White and Williams Construction and Surety News Alert / Reprinted in Legal Insights (a publication produced by AIG's Issue Management Group) | November 9, 2012
By: Mark Parisi

On the day before the 2012 Presidential Election, the Pennsylvania Superior Court elected to extend to remote purchasers of homes the same implied warranty rights against builders and developers as held by original purchasers.  In Conway v. The Cutler Group, Inc.[1] the Superior Court, declaring this as a case of first impression, held that a second owner of a residential home has the same right as an original owner to recover against a builder developer for a breach of the implied warranty of habitability.  The court did not consider whether the second powerful implied warranty right – the implied warranty of reasonable workmanship – was also available to remote purchasers because the attorney that filed the Conway case did not plead that warranty. 

In construction, the implied warranty of habitability is a fiction created by the courts to express what has been determined by the courts to be a justifiable assumption that when a builder builds a structure, it can be safely assumed that it will be habitable.  Pennsylvania courts have held that the implied warranty of habitability has been breached in a number of different contexts. Absence of potable water, Elderkin v.

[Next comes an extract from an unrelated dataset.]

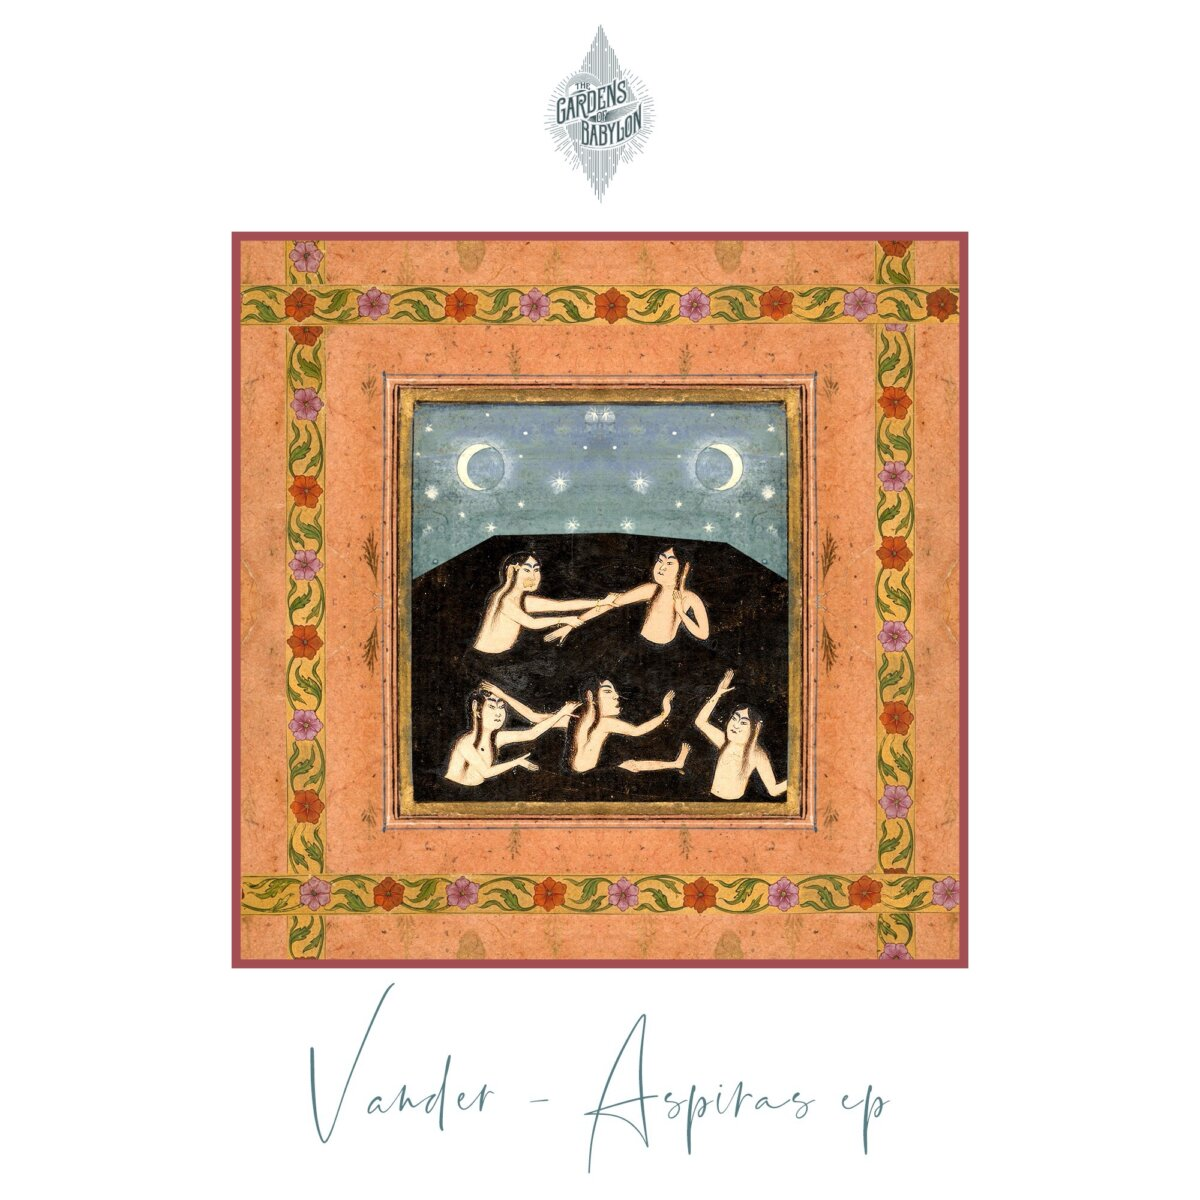 vander, aspiras ep, vander aspiras ep, musical release, the gardens of babylon

Gaster, 447 Pa. 118, 288 A.2d 771 (1972); defective furnace emitting excessive levels of carbon monoxide, Pontiere v. James Dinert, Inc., 627 A.2d 1204 (Pa. Super. 1993); presence of lead based paint, Lititz Mut. Ins. Co. v. Steely, 785 A.2d 975 (Pa. 2001); leaking skylights, Fetzer v. Vishneski, 582 A.2d 23 (Pa. Super. 1990); leaky basement, Ecksel v. Orleans Const. Co., 519 A.2d 1021 (Pa. Super. 1987); and leaky crawl space, Tyus v. Resta, 476 A.2d 427 (Pa. Super. 1984).

In determining in the Conway case that subsequent purchasers should have the same rights as original purchasers, the court leaned heavily on a 1990 Superior Court case called Spivack v. Berks Ridge Corporation and reasoned, “the warranty is based upon public policy considerations and is not a contractually dependent remedy. … [W]e see ‘no logical reason to limit a builder’s implied warranty to his immediate vendee.’”  Then, reaching back all the way to the 1972 Pennsylvania Supreme Court case of Elderkin v. Gaster, which is the case that started it all, the Conway court stated, “a purchaser of a new home ‘justifiably relies on the skill of the [builder] that the house will be a suitable living unit.’ Elderkin at 776…. By the same token, a second or subsequent purchaser also implicitly relies on the home builder’s skill that the home will be a habitable one.”

More and more, the law of construction defect litigation resembles strict product liability.  To recover for injuries suffered from a defective product, a plaintiff need only show that the product was unreasonably dangerous for its intended use and that the defect was a proximate cause of the injury.  The plaintiff need not show that the manufacturer knew or should have known that the product was defective, i.e., negligence.  And any person victimized by a defective product – first owner, second owner or even a bystander – has the same strict liability rights against the manufacturer. 

In Conway, the Pennsylvania Superior Court has extended the construction defect theory of implied warranty of habitability to the benefit of persons who buy a home (or presumably any other building) from the earlier owners. No courts have yet considered whether to extend the implied warranty of habitability to non-owners.[2] 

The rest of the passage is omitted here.